Aiuta, l’arte può aiutare. Per esempio può trasformare una vecchia foto di famiglia nel ritratto di una bambina, ora adulta e reclusa, abbracciata alla madre (Claire Tabouret). Può esprimere visivamente poesie e narrazioni di chi ha perso la voce (Simone Fattal). Può diventare la coreografia che coinvolge le detenute in una danza di resistenza e libertà (Bintou Dembélé). Può manifestarsi come messaggi per una rivoluzione pop gioiosa e pacifista (Corita Kent). Può scendere dal cielo in forma di stoffe colorate, sculture annodate a fili sospesi (Sonia Gomes). E può diventare un toccante cortometraggio neorealista, virato tra il colore del fuori e lo sgranato bianco e nero dentro il recinto: l’ha girato Marco Perego accostando alla moglie Zoe Saldana un gruppo di detenute-attrici, per una volta visibili protagoniste.
A turno due di loro sono le guide che accompagnano i visitatori. Difficile fare domande. Quante siete? “Oggi sono arrivate nove ragazze, per lo più straniere. Siamo al completo: centodieci recluse”, è la risposta. Perché siete finite qui? “Io pago una colpa non mia — dice la prima — mi sono caricata quella di un uomo. Al principio per un mese sono rimasta muta: ero stordita, annichilita. Ho poche amiche di cui fidarmi, qui come nel mondo c’è tanto opportunismo”. Quanto resta da scontare? “Poco. Un anno e mezzo ancora e poi andrò via”. A casa c’è qualcuno che aspetta? “Troverò mia madre, ha 82 anni”, mormora abbassando gli occhi. Sorride.

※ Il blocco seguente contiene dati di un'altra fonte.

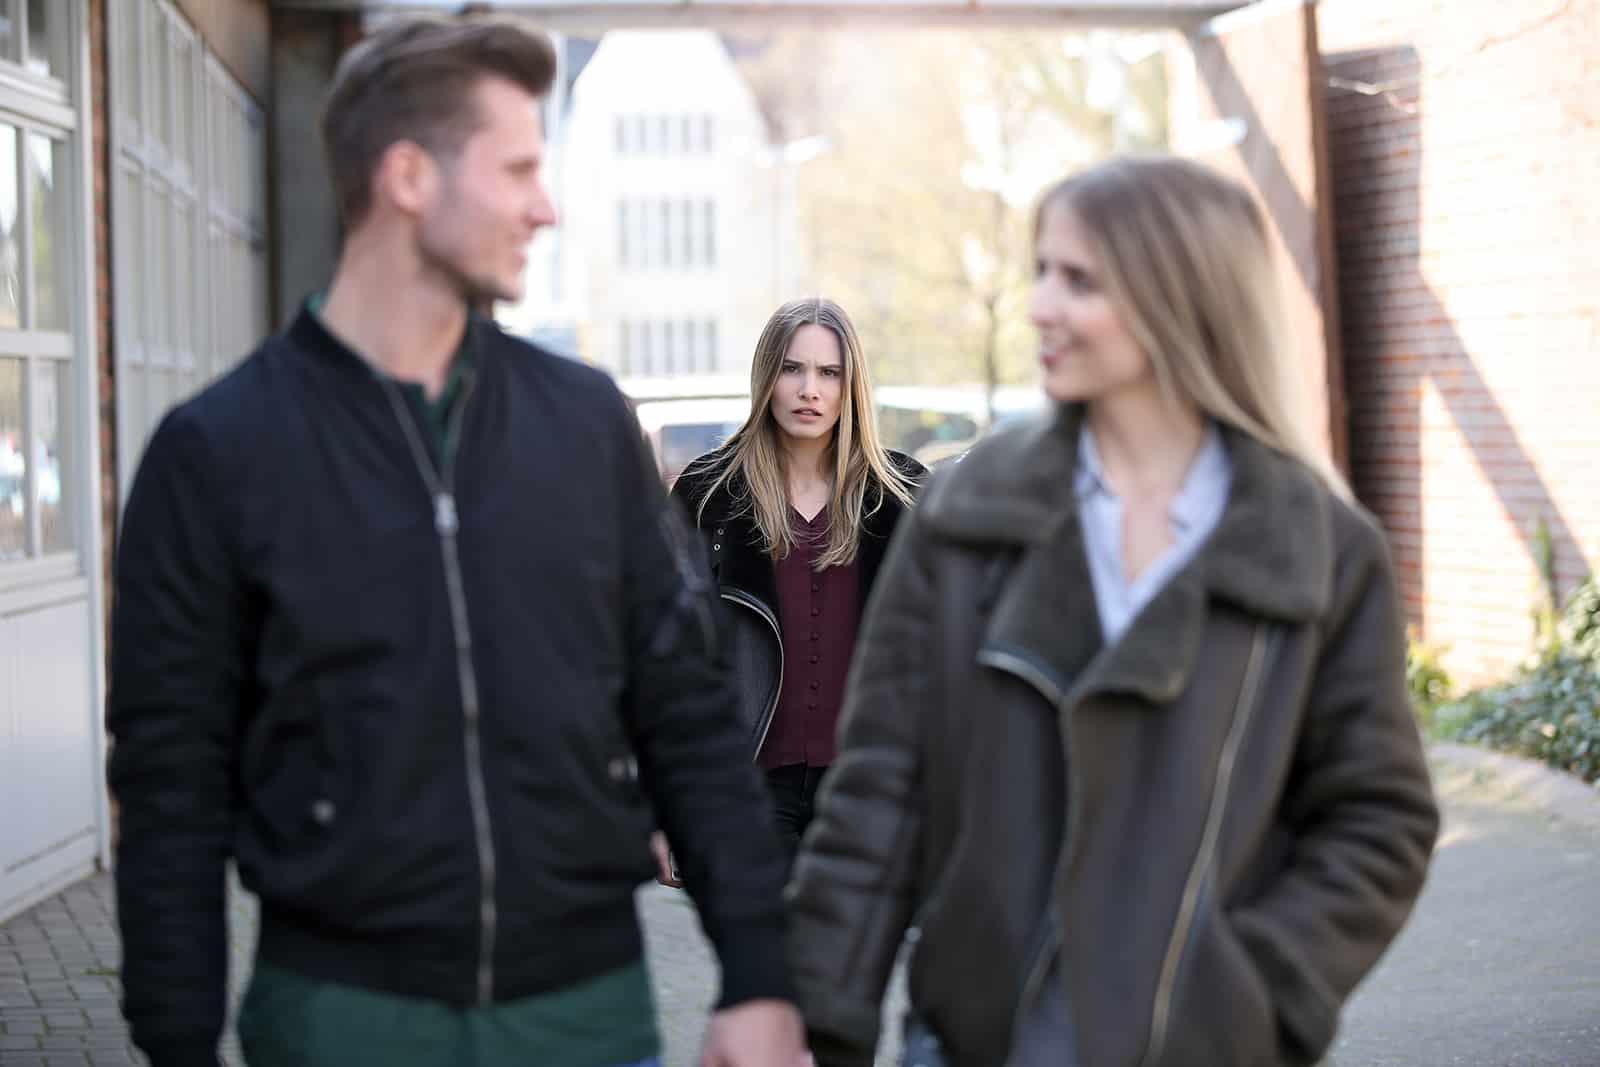 eine verwirrte Frau, die ein liebendes Paar vor sich betrachtet, während sie auf dem Bürgersteig geht

Peccato che le detenute non possano vedere l’unica opera montata all’esterno, sulla facciata del carcere. È un grande affresco in grigio di Maurizio Cattelan, che ha dipinto un paio di piedi giganteschi: le piante sono sporche, livide, gonfie, piagate. Sostengono il peso dell’esistenza più dura. Di fronte al quale l’arte è una terapia che lenisce il dolore, offre conforto, addolcisce le ferite, indica una strada. Rende queste donne vive, importanti, degne di attenzione. Di nuovo persone. E puoi sentire l’odore del mare anche da qui, a dimostrazione che per ogni pena c’è un fine pena.